Jordan K. answered • 09/01/15
Tutor
4.9
(79)
Nationally Certified Math Teacher (grades 6 through 12)
Hi Brandon,
Let's begin by assigning letters to represent our three unknowns:
x = number of wins in women's singles
y = number of wins in mixed doubles
z = number of wins in women's doubles
Now let's see how we can represent all three unknowns in terms of just one unknown:
x = y + 9 (nine more wins)
z = 3y + 2 (two more wins than 3 times wins)
We now have all three unknowns expressed in terms of unknown (y), so let's write our equation to represent the total number of wins in terms of unknown (y):
x + y + z = 61
(y + 9) + y + (3y + 2) = 61 (our equation)

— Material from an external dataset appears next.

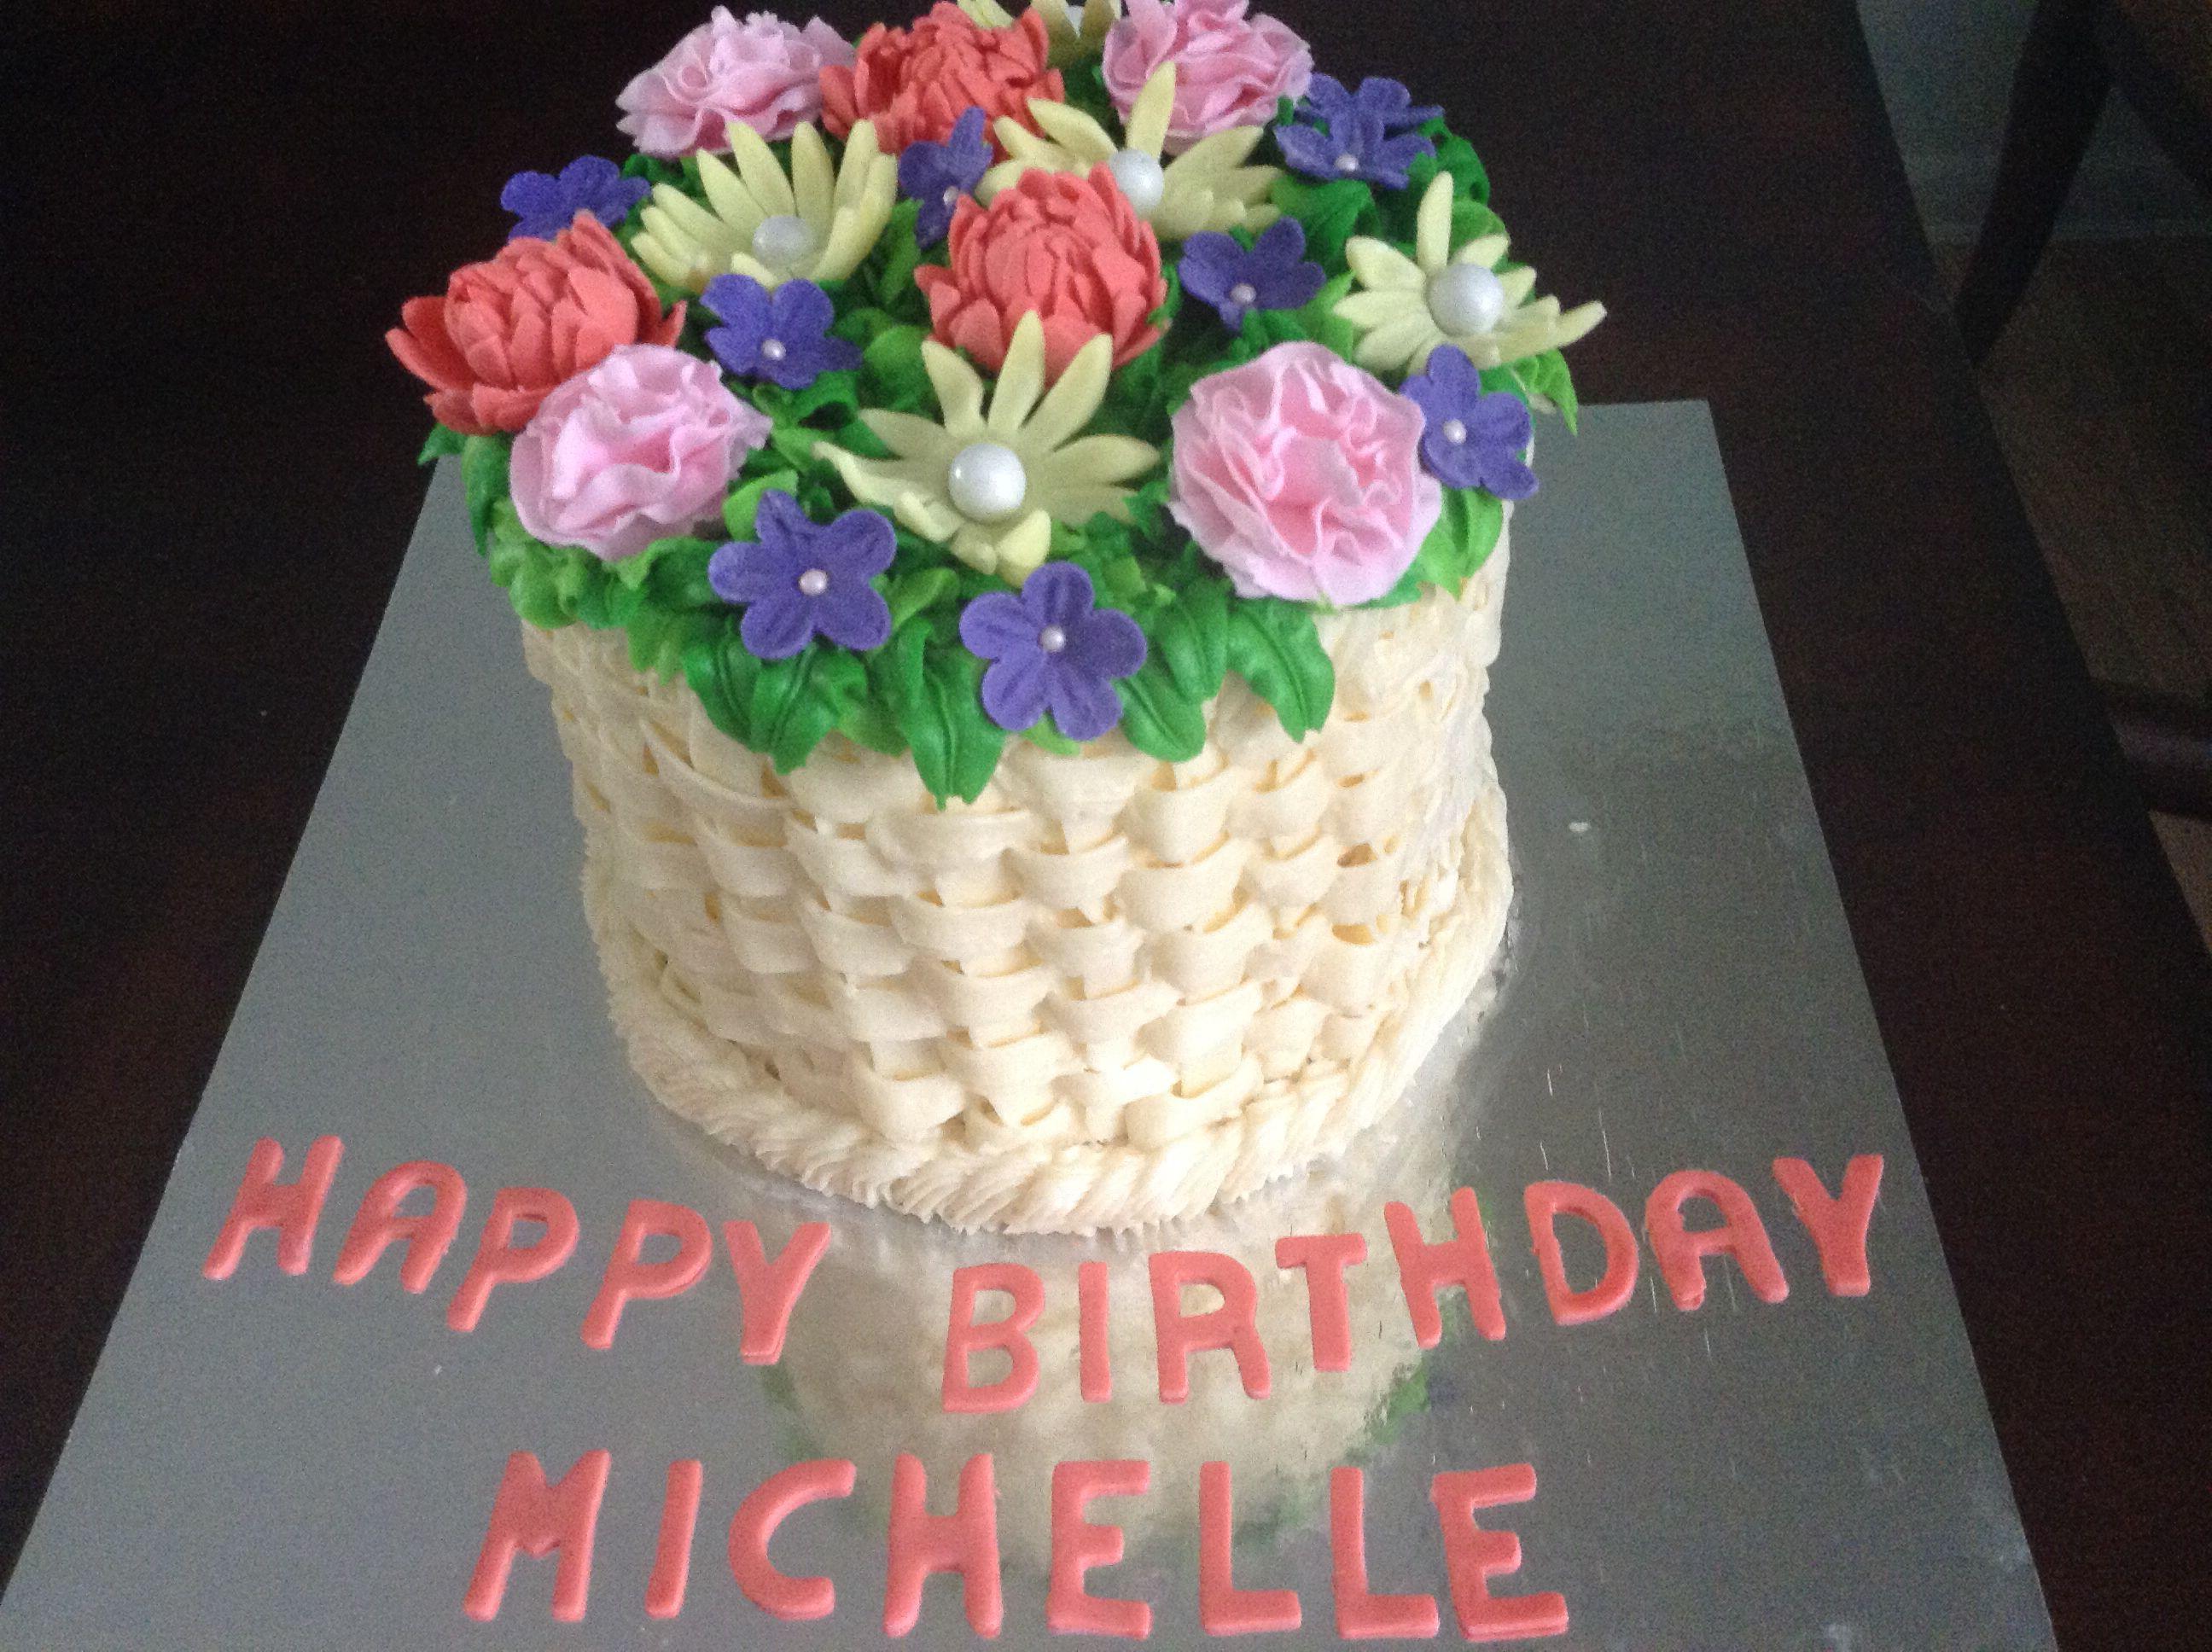 Happy Birthday Michelle, Happy

Now let's solve our equation for unknown (y) and then use our value for y to determine the values for our other two unknowns:
(y + 9) + y + (3y + 2) = 61 (our equation)
y + 9 + y + 3y + 2 = 61
5y + 11 = 61
5y = 61 - 11
5y = 50
y = 50/5
y = 10 (number of wins in mixed doubles)
x = y + 9
x = 10 + 9
x = 19 (number of wins in women's singles)
z = 3y + 2
z = 3(10) + 2
z = 30 + 2
z = 32 (number of wins in women's doubles)
Finally, we can check to see if answers are correct by seeing if their sum equals the total number of wins:
x + y + z = 61
19 + 10 + 32 = 61
29 + 32 = 61
61 = 61 (sum of category wins equals
total wins)
total wins)
Their sum does match the total, so we are confident our answers are correct.
The trick to solving this problem was realizing that we could express all three unknowns in terms of just one unknown in order to come up with a solvable equation.
Thanks for submitting this problem and glad to help.
God bless, Jordan.